▸ EXERCISE DESCRIPTION
Copy out the data from the line containing "Kanal kuddar vs Tempur kuddar" to its last line, exactly. No pictures.

Recorded data
┄┄┄┄┄┄┄┄┄┄┄┄┄┄┄┄┄┄┄┄
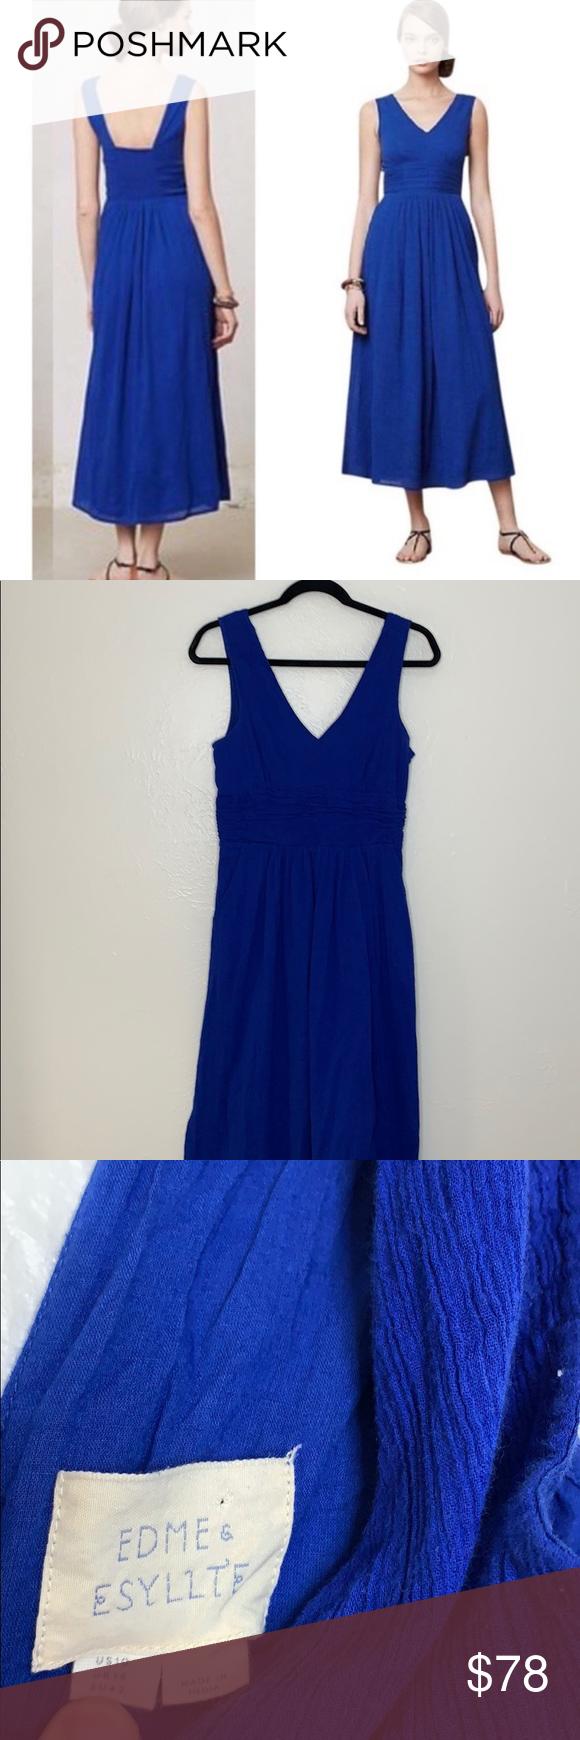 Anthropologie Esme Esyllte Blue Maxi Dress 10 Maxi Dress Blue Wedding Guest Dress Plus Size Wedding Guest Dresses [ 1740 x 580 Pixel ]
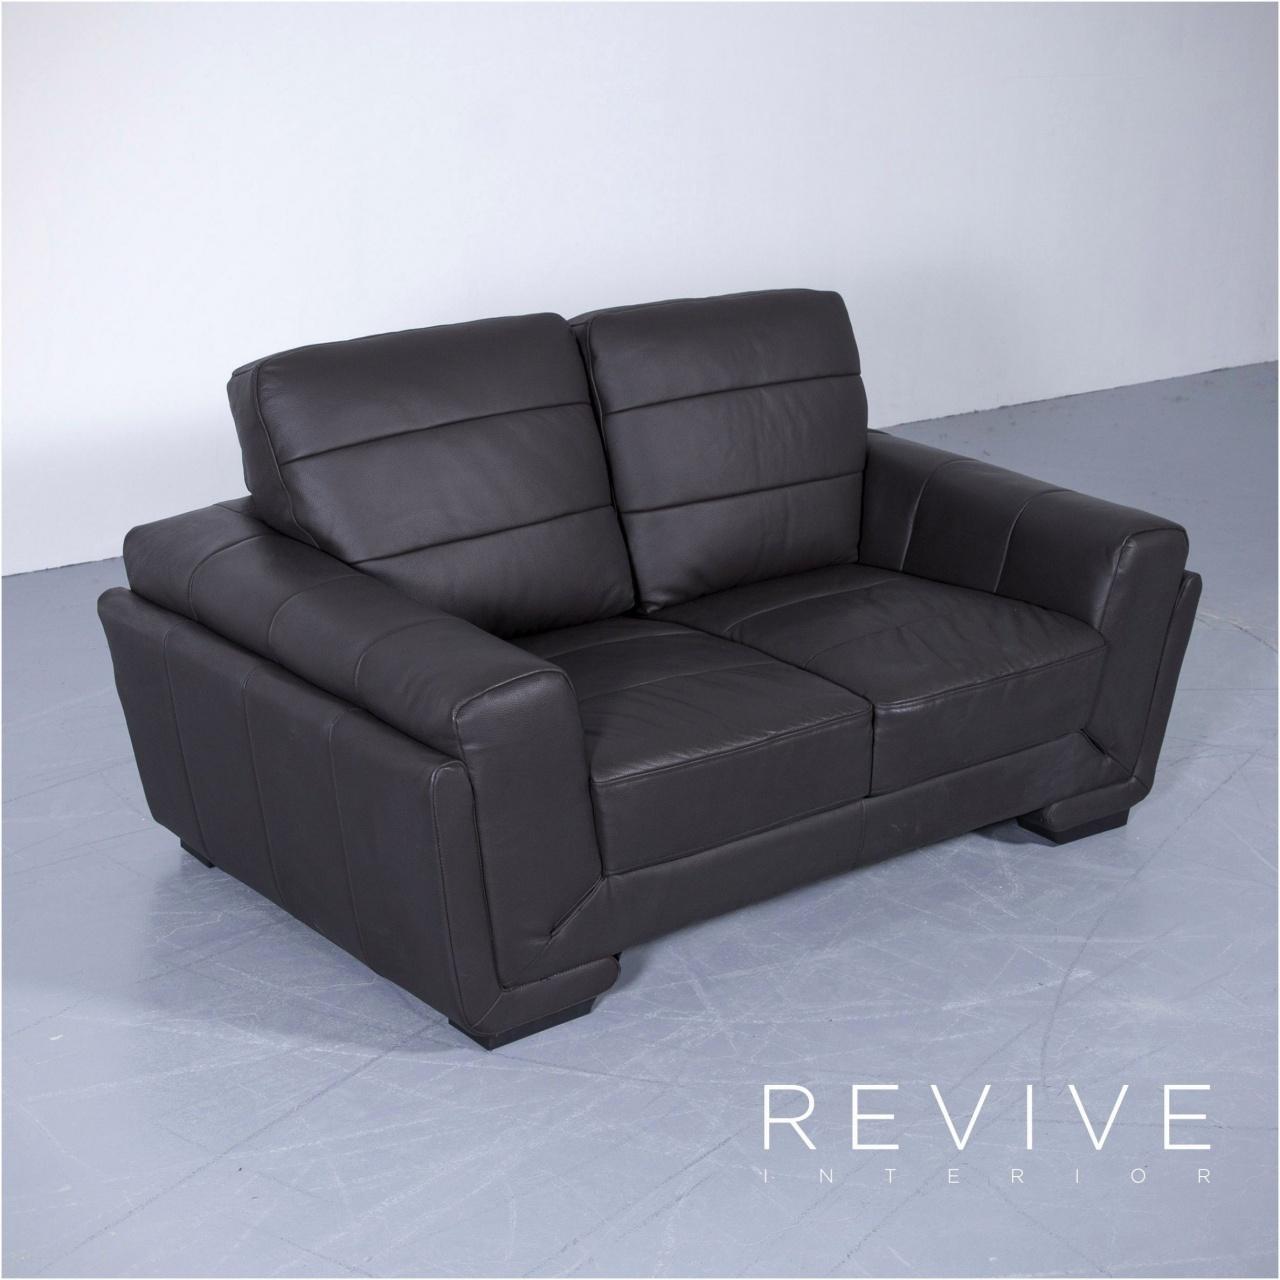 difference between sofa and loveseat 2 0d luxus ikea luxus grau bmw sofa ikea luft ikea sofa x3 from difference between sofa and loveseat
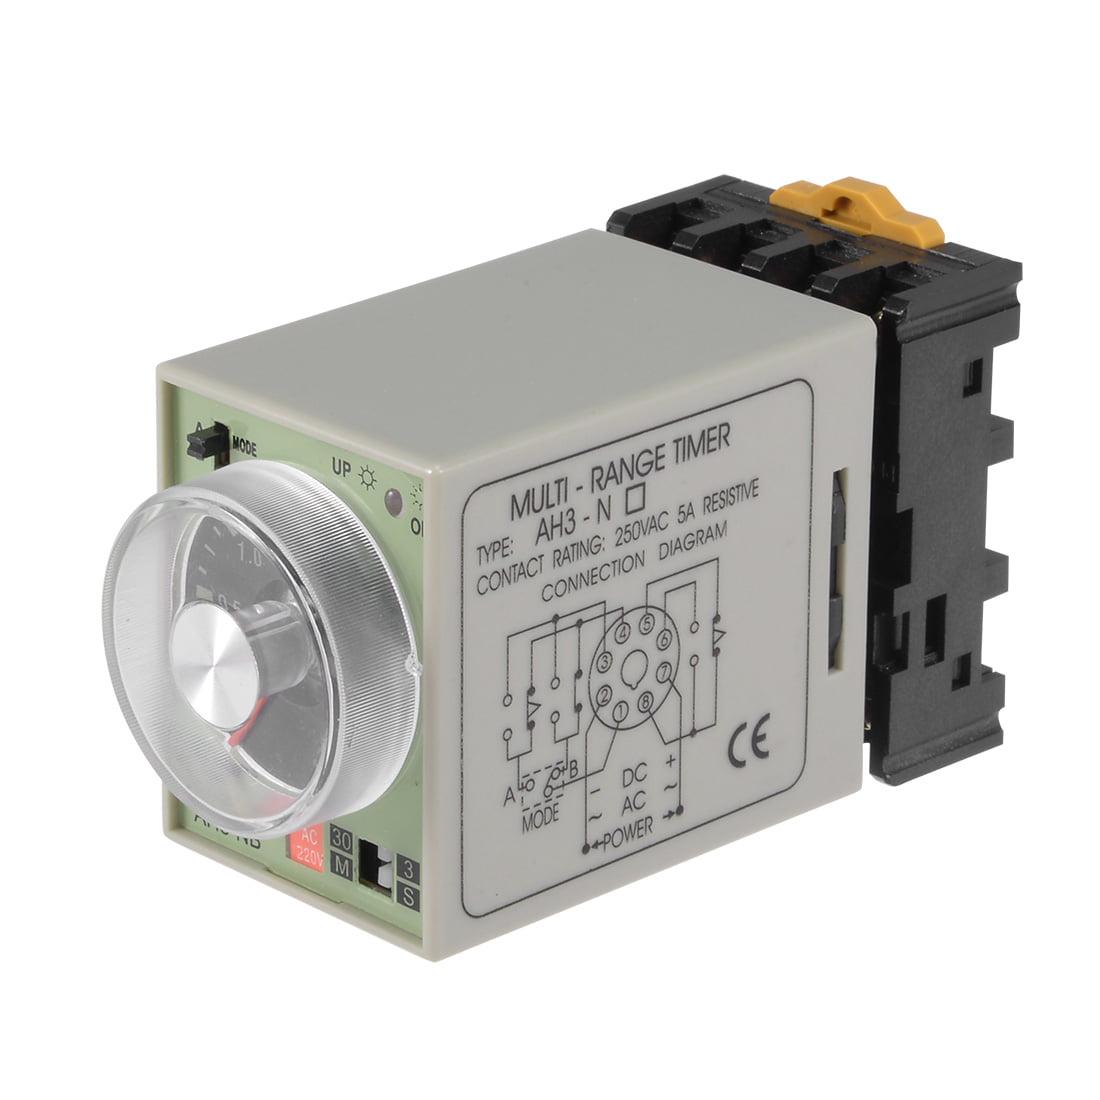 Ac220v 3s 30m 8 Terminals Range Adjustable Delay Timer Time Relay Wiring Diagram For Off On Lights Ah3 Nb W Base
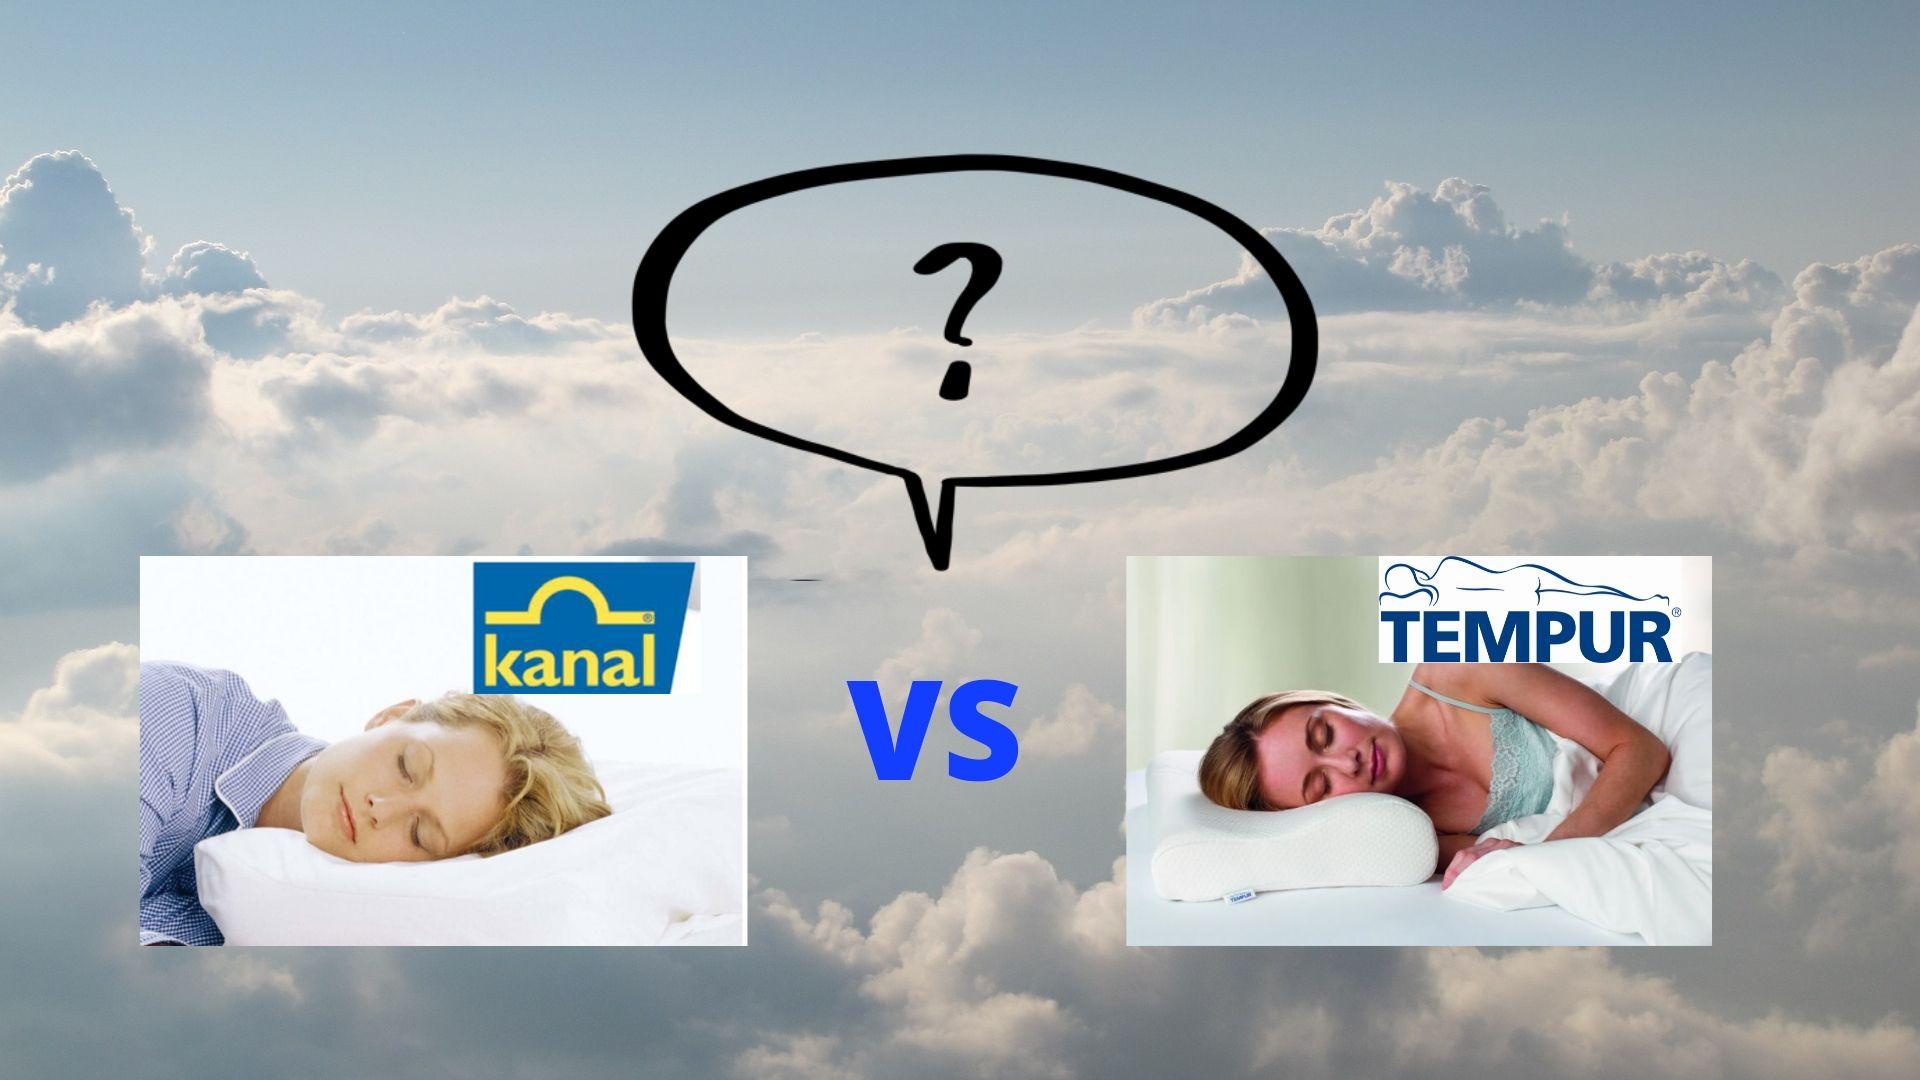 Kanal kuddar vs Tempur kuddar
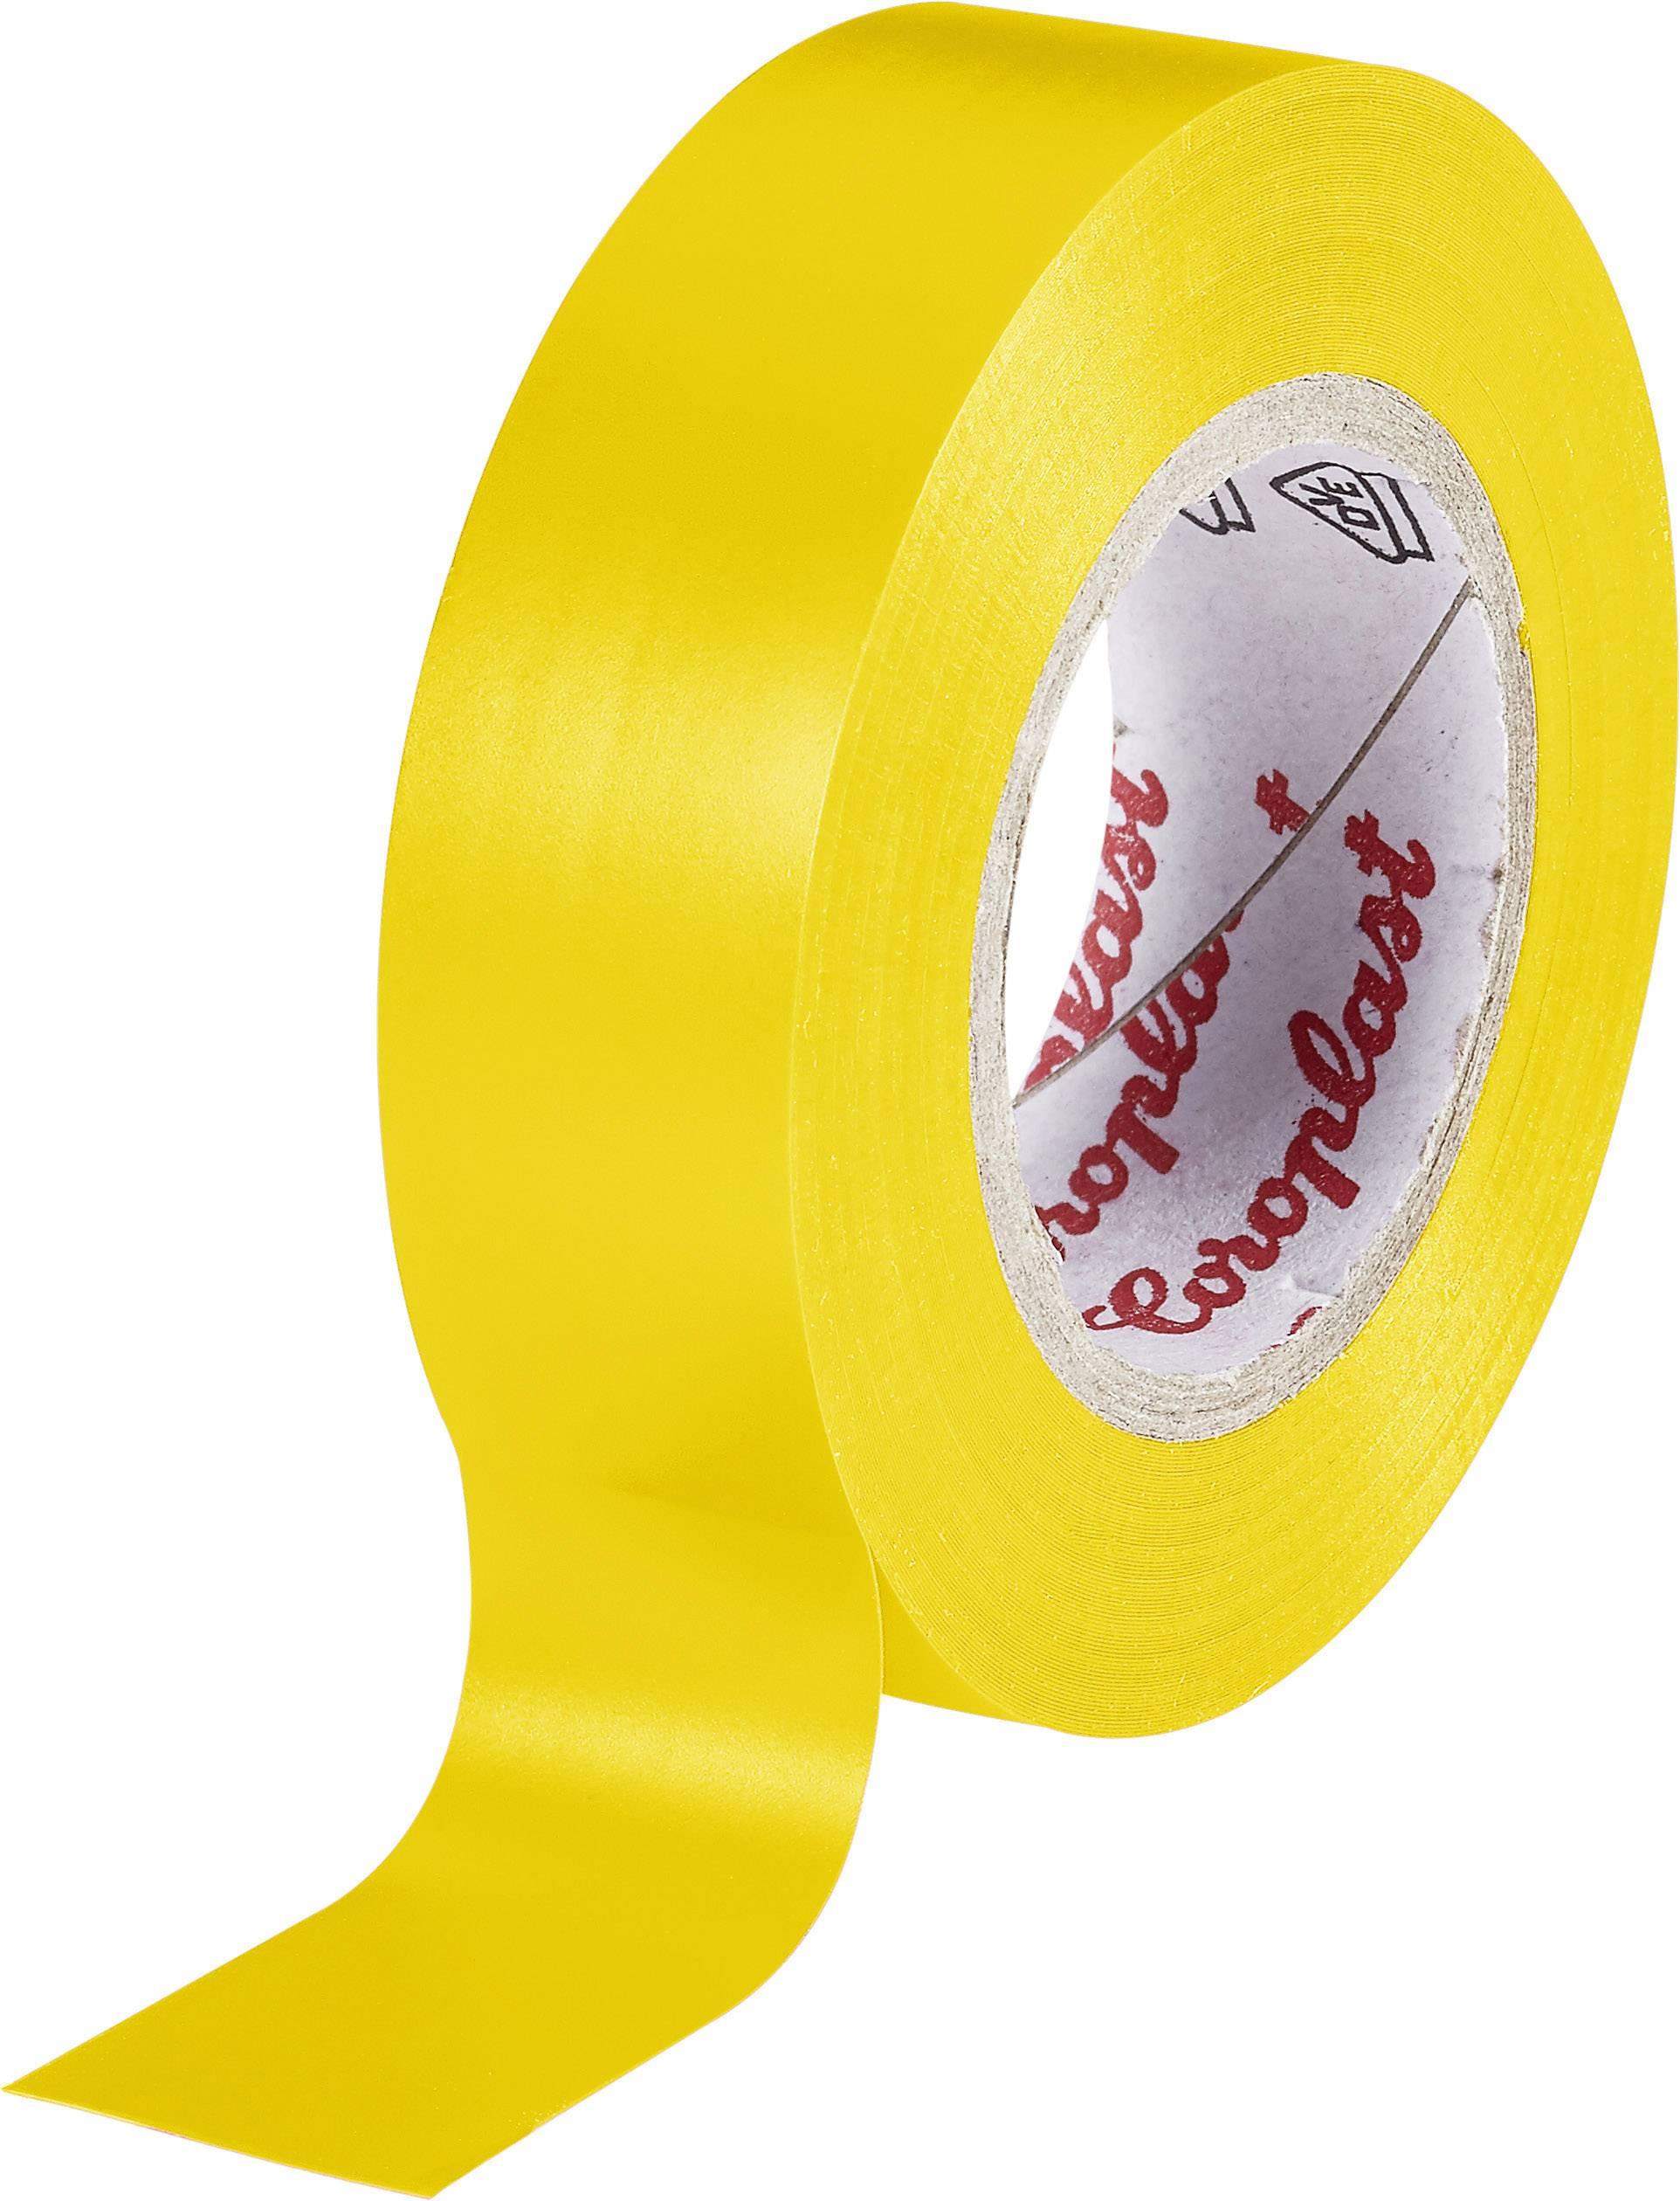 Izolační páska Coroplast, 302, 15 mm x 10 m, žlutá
┄┄┄┄┄┄┄┄┄┄┄┄┄┄┄┄┄┄┄┄
▸ RESULT OF THIS TASK
 Kanal kuddar vs Tempur kuddar
 Izolační páska Coroplast, 302, 15 mm x 10 m, žlutá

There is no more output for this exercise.